We will do everything in our power to ensure that in the unfortunate event we must close, we do so in an orderly manner. If we did take the decision to wind down, we would use the income we earn over the life of the Peer to Peer agreements supported by the Firm’ capital to fund an orderly wind down. We regularly review our wind down planning and our financial forecast to ensure that we will have enough funds to manage this process.

It is however important to also understand that your investment will not be covered by the Financial Services Compensation Scheme (“FSCS”). This is because peer to peer lending portfolios are not covered by the FSCS. Therefore, all capital invested in a Peer to Peer agreement or portfolio is at risk. Please see our Risk Statement for further information.

What is an ISA?

An ISA is an Individual Savings Account. It works like a normal savings account, except you don’t pay any UK income or capital gains tax.

There are 4 types of ISA available in the UK:

  • Cash ISAs
  • Stocks and shares ISAs
  • Innovative Finance ISAs
  • Lifetime ISAs

Who is eligible to open an ISA?

You need to be:

  • Aged 18 or over for a stocks and shares, innovative finance ISA or cash ISA and 18 or over but under 40 for a lifetime ISA.
  • A UK resident for tax purposes.
  • Comfortable that the value of investments can go up as well as down.
  • Prepared to invest for at least 5 years.

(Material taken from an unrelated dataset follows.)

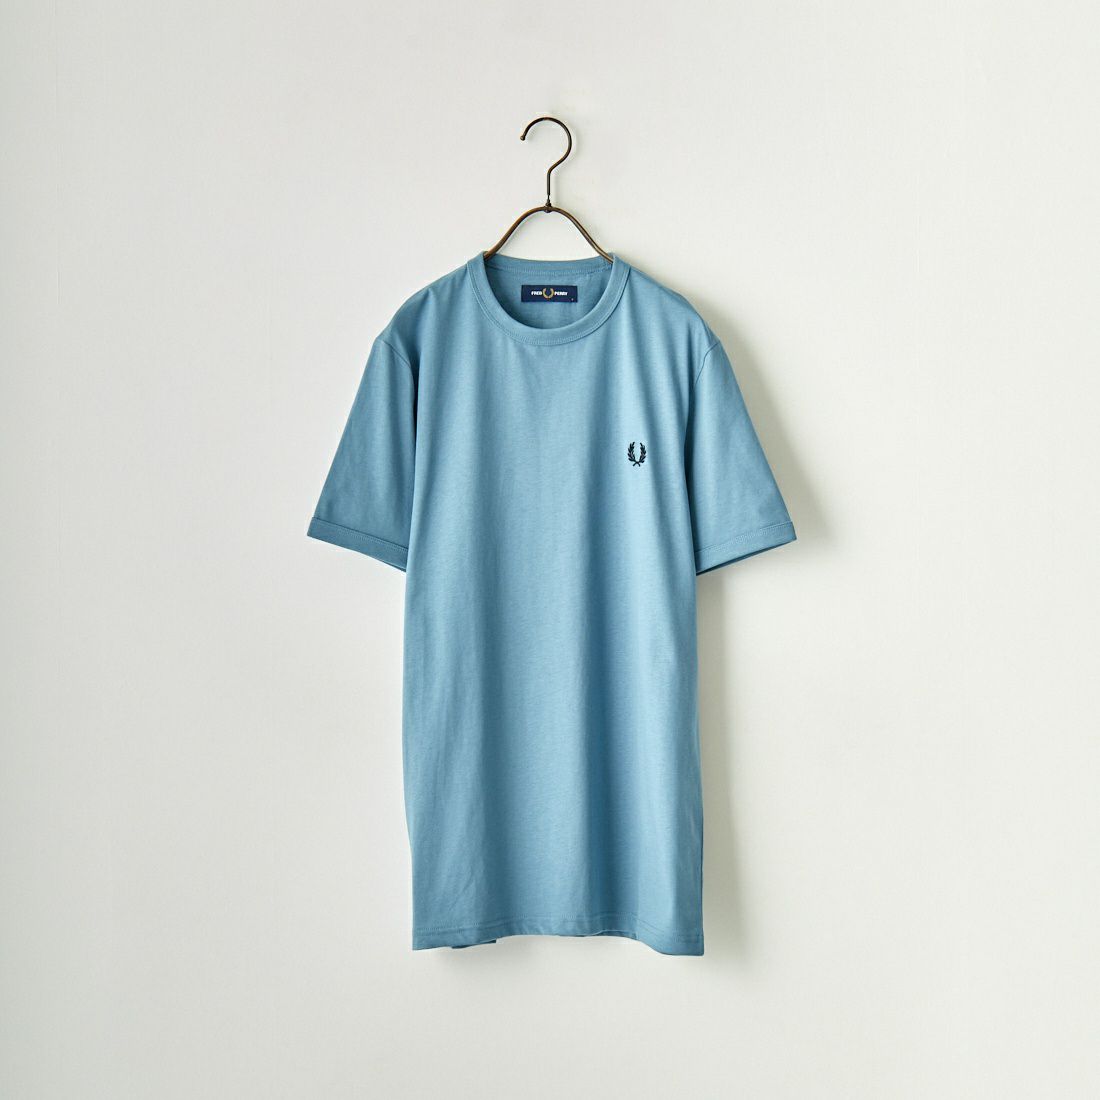 【最高デザイン】カーハートWIP ロゴ刺繍 ボーダーリンガーネック半袖Tシャツ

What is the annual ISA allowance?

Please check on the gov.uk website for the permitted allowance for each tax year. This amount is set by HMRC.

Can I fund more than one ISA in a tax year?

You can put funds into each type of the four ISAs you qualify for in a given tax year, providing you do not exceed your total yearly allowance of £20,000.

When can I open my ISA Account?

You can apply to open an ISA account at any time, with the allowance beginning at the start of each new tax year, 6th April.

What is an IF-ISA?

An Innovative Finance ISA (IF-ISA) is a type of tax-free individual savings account (ISA) that allows Investors to earn tax-free returns on peer-to-peer (P2P) financing, crowdfunding investments, and other alternative finance products.

Unlike traditional cash and stocks & shares ISAs, IF-ISAs allow Investors to invest their money directly in loans or investment opportunities, which are typically sourced through online platforms that match borrowers or companies seeking funding with Investors.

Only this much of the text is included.